Last update: 2025-01-18 12:17:48 UTC


README

Latest Version Software license Build Status Quality Grade Total Downloads

Berlioz HTML Selector is a PHP library to do queries on HTML files with CSS selectors like jQuery on DOM.

Installation

Composer

You can install Berlioz HTML Selector with Composer, it's the recommended installation.

$ composer require berlioz/html-selector

Dependencies

  • PHP ^8.0
  • PHP libraries:
    • dom
    • libxml
    • mbstring
    • simplexml

Usage

Load HTML

You can easily load an HTML string or file with the static function HtmlSelector::query(). For files, use second parameter contentsIsFile of method.

$htmlSelector = new \Berlioz\HtmlSelector\HtmlSelector();

$query = $htmlSelector->query('<html><body>...</body></html>');
$query = $htmlSelector->query('path-of-my-file/file.html', contentsIsFile: true);
$query = $htmlSelector->query(new SimpleXMLElement(/*...*/));

Load from ResponseInterface

HtmlSelector::queryFromResponse() permit loading html of a response body.

$htmlSelector = new \Berlioz\HtmlSelector\HtmlSelector();

/** @var \Psr\Http\Message\ResponseInterface $response */
$query = $htmlSelector->queryFromResponse($response);

Do a query

It's very simple to query an HTML string with a selector like jQuery.

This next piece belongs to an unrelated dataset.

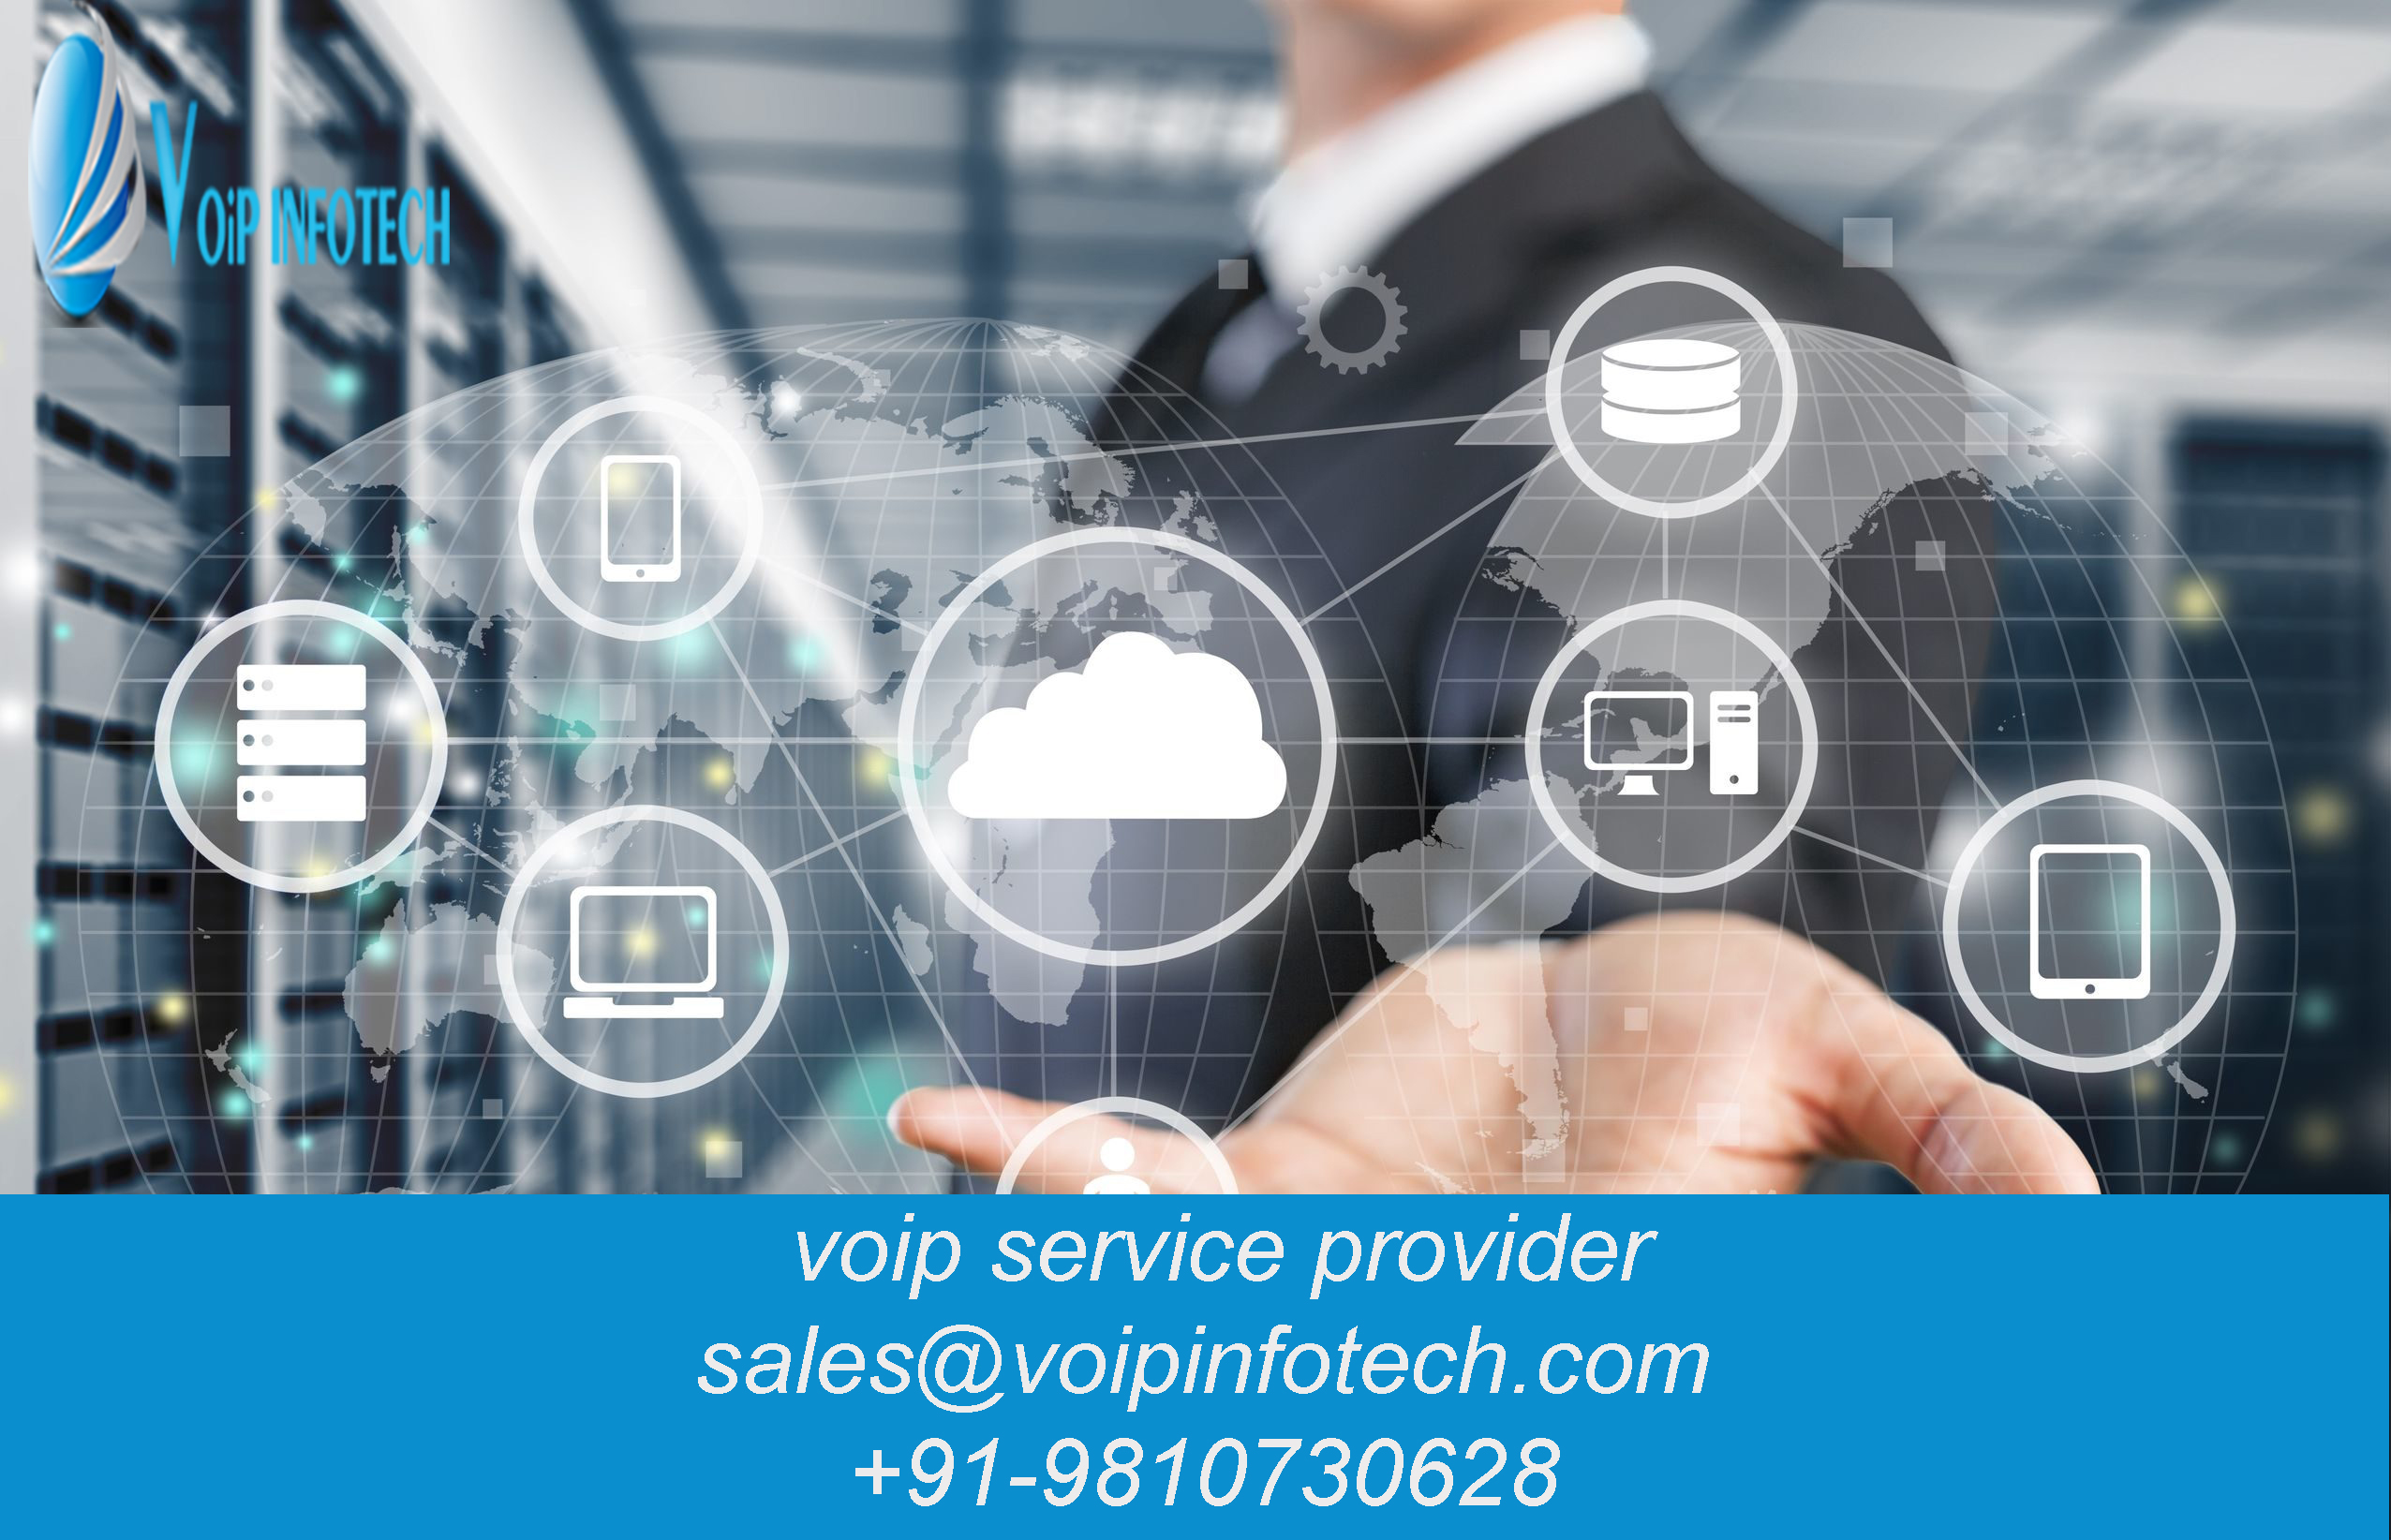 voip service providerrr.jpg

/** @var \Berlioz\HtmlSelector\Query\Query $query */
$query = $query->find('body > .wrapper h2');
$query = $query->filter(':first');

Selectors

CSS Simple selectors

  • type: selection of elements with their type.
  • #id: selection of an element with it's ID.
  • .class: selection of elements with their class.
  • Attributes selections.
    • [attribute]: with attribute 'attribute'.
    • [attribute=foo]: value of attribute equals to 'foo'.
    • [attribute^=foo]: value of attribute starts with 'foo'.
    • [attribute$=foo]: value of attribute ends with 'foo'.
    • [attribute=foo]*: value of attribute contains 'foo'.
    • [attribute!=foo]: value of attribute different of 'foo'.
    • [attribute~=foo]: value of attribute contains word 'foo'.
    • [attribute|=foo]: value of attribute contains prefix 'foo'.

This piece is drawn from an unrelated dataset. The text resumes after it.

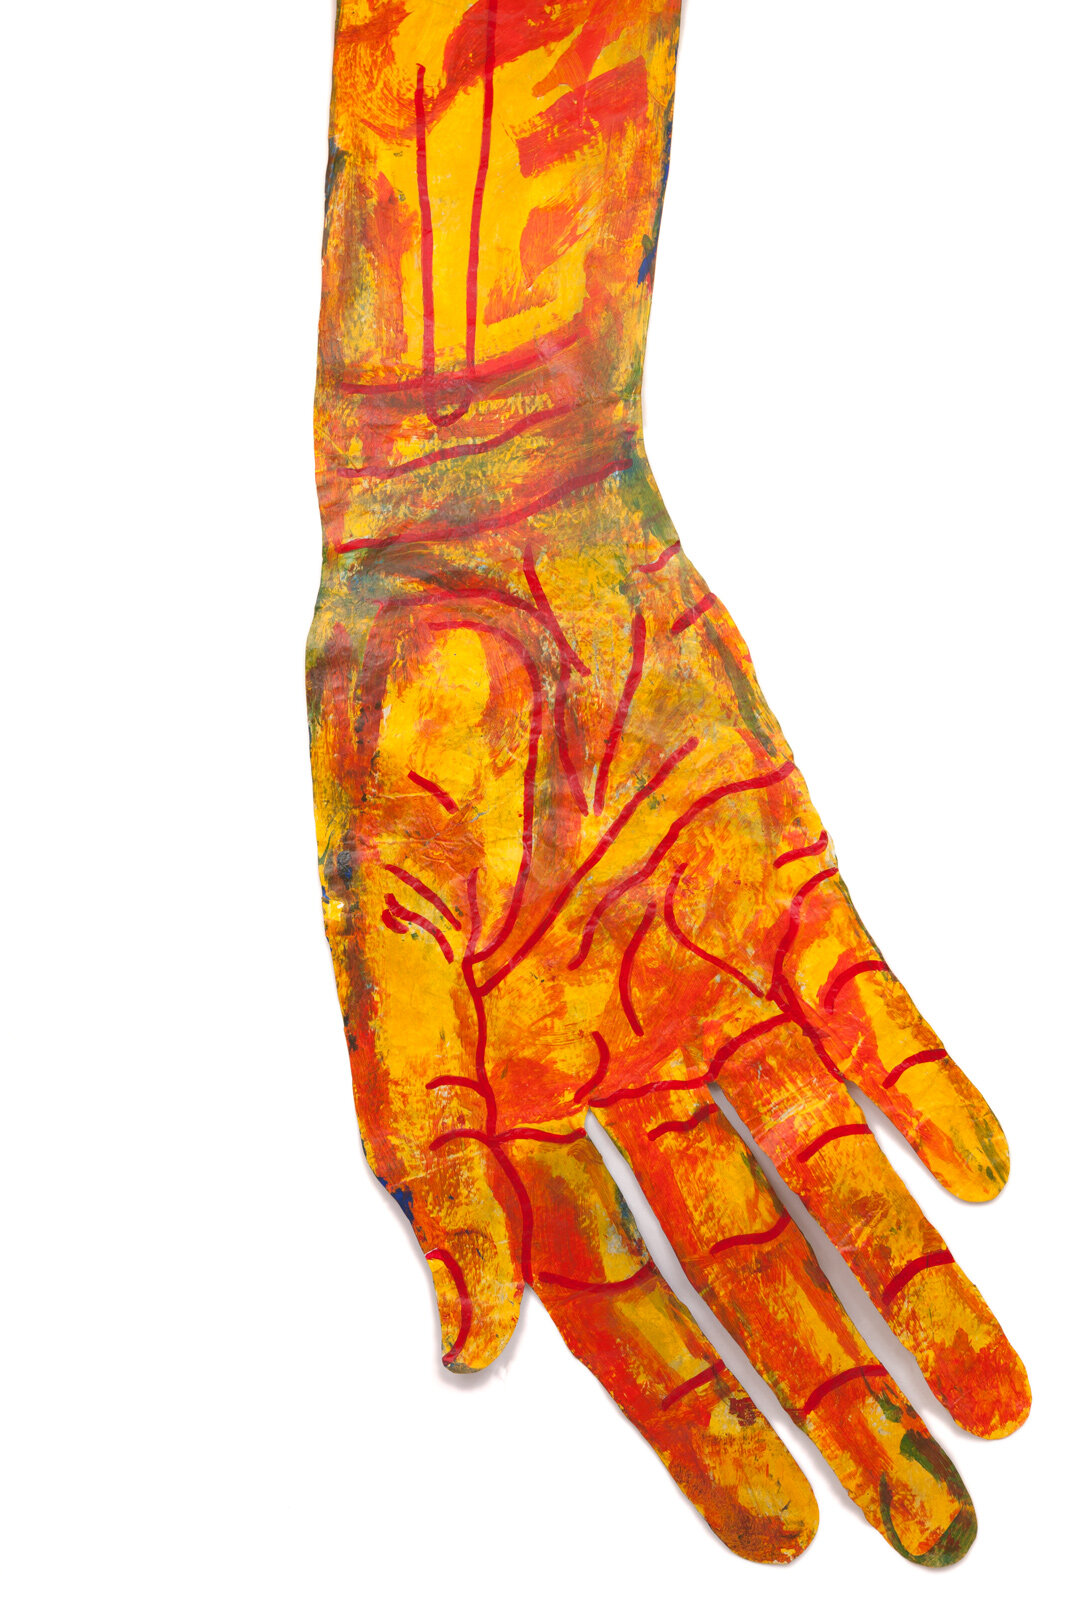 Giant Hand Six, detail
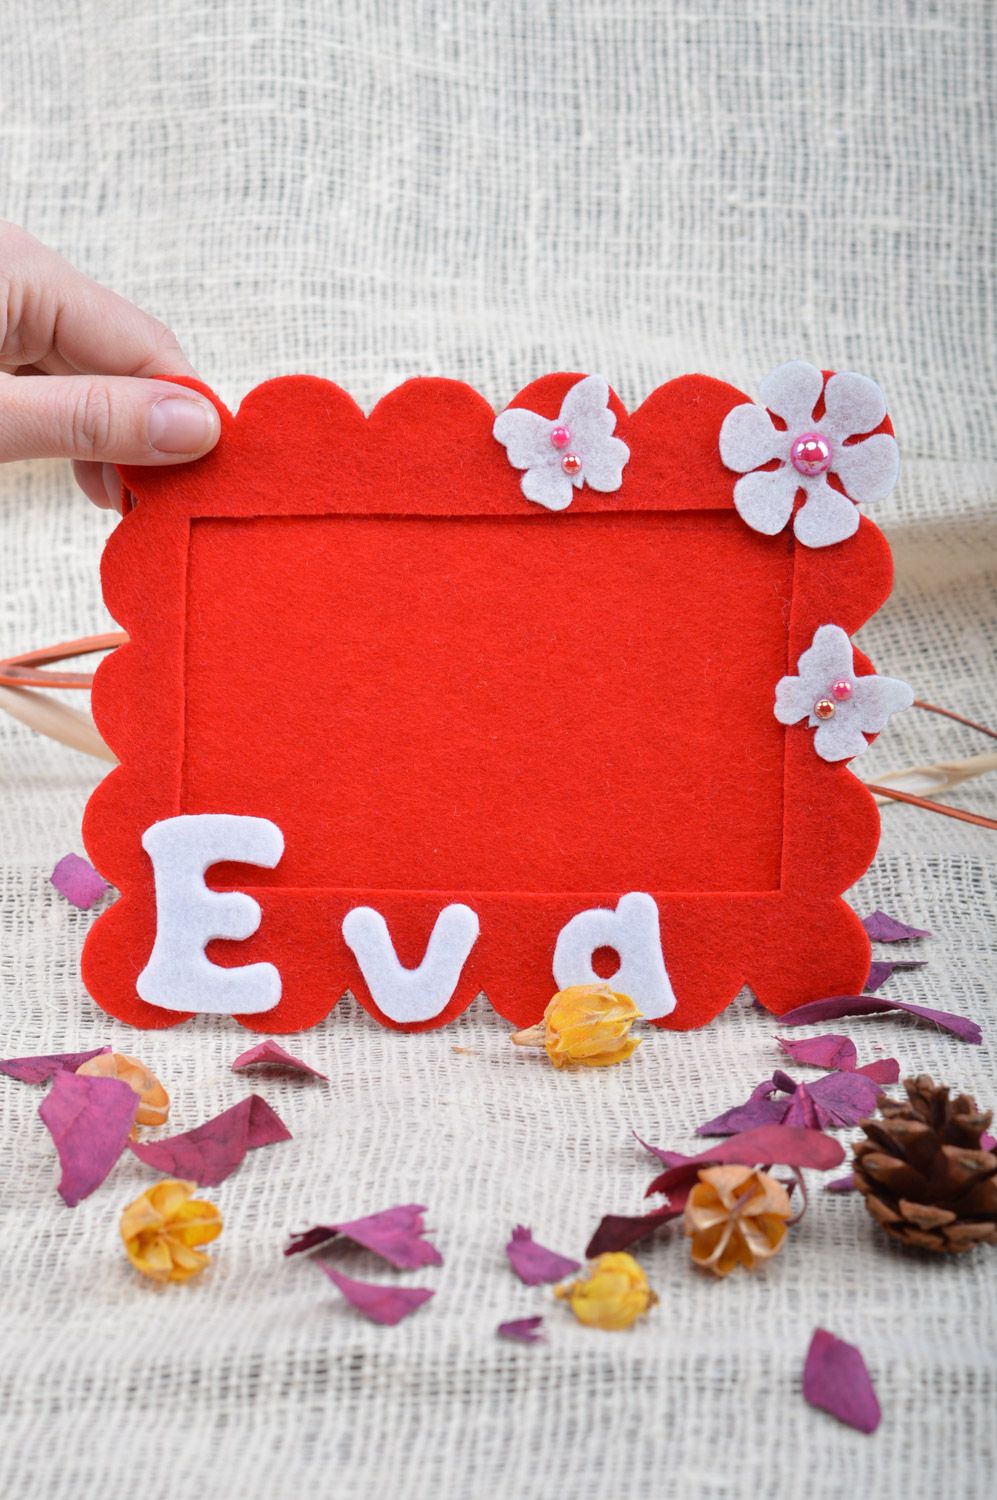 Handmade red felt wall photo frame with baby's name Eva photo 4

CSS Ascendants, descendants, multiples

  • selector selector or selector >> selector: all descendant selector.
  • selector > selector: direct descendant selector (only children).
  • selector ~ selector: siblings selector.
  • selector, selector: multiple selectors.

CSS Pseudo Classes

  • :any(selector, selector): only elements given in arguments.
  • :any-link: only elements of type <a>, <area> and <link>, with [href] attribute.
  • :blank: only elements without child, and no text (except spaces).
  • :checked: only elements with attribute [checked].
  • :dir: only elements with directional text given (default: ltr).
  • :disabled: only elements of type <button>, <input>, <optgroup>, <select> or <textarea> with [disabled] attribute.
  • :empty: only elements without child.
  • :enabled: only elements of type <button>, <input>, <optgroup>, <option>, <select>, <textarea> , <menuitem> or <fieldset> without [disabled] attribute.
  • :first: only first result of complete selection.
  • :first-child: only firsts children in their parents.
  • :first-of-type: only firsts type in their parents.
  • :has(selector, selector): only elements who valid child selector.
  • :lang(x): only elements with attribute [lang] prefixed by or equals to given value.
  • :last-child: only lasts in their parents.
  • :last-of-type: only lasts type in their parents.
  • :not(selector, selector): filter 'not'.
  • :nth-child(): n elements in selector result.
  • :nth-last-child(): n elements in selector result, start at end of list.
  • :nth-of-type(): n elements of given type in selector result.
  • :nth-last-of-type(): n elements of given type in selector result, start at end of list.
  • :only-child: only elements who are only child in the parent.
  • :only-of-type: only elements who are only type child in the parent.
  • :optional(): only input elements without [required] attribute.
  • :read-only(): only elements that the user cannot edit.
  • :read-write(): only elements with editable property.
  • :required(): only elements with [required] attribute.
  • :root(): get root element.

Additional CSS Pseudo Classes (not in CSS specifications) from jQuery library

  • :button: only elements of type <button> without attribute value [type=submit] or <input type="button">.
  • :checkbox: only elements with attribute [type=checkbox].
  • :contains(x): only elements who contain text given.
  • :eq(x): only result with index given (index start to 0).
  • :even: only even results in selection.
  • :file: only elements with attribute [type=file].
  • :gt(x): only result with an index greater than index given (index start to 0).
  • :gte: only result with an index greater than or equal to index given (index start to 0).
  • :header: only elements of heading, like <h1>, <h2>...
  • :image: only elements with attribute [type=image].
  • :input: only elements of type <input>, <textarea>, <select> or <button>.
  • :last: only last result of complete selection.
  • :lt: only result with index leather than index given (index start to 0).
  • :lte: only result with index leather than or equal to index given (index start to 0).
  • :odd: only odd results in selection.
  • :parent: only elements with one child or more.
  • :password: only elements with attribute [type=password].
  • :radio: only elements with attribute [type=radio].
  • :reset: only elements with attribute [type=reset].
  • :selected: only elements of type <option> with attribute [selected].
  • :submit: only elements of type <button> or <input> with attribute [type=submit].
  • :text: only elements of type <input> with attribute [type=text] or without [type] attribute.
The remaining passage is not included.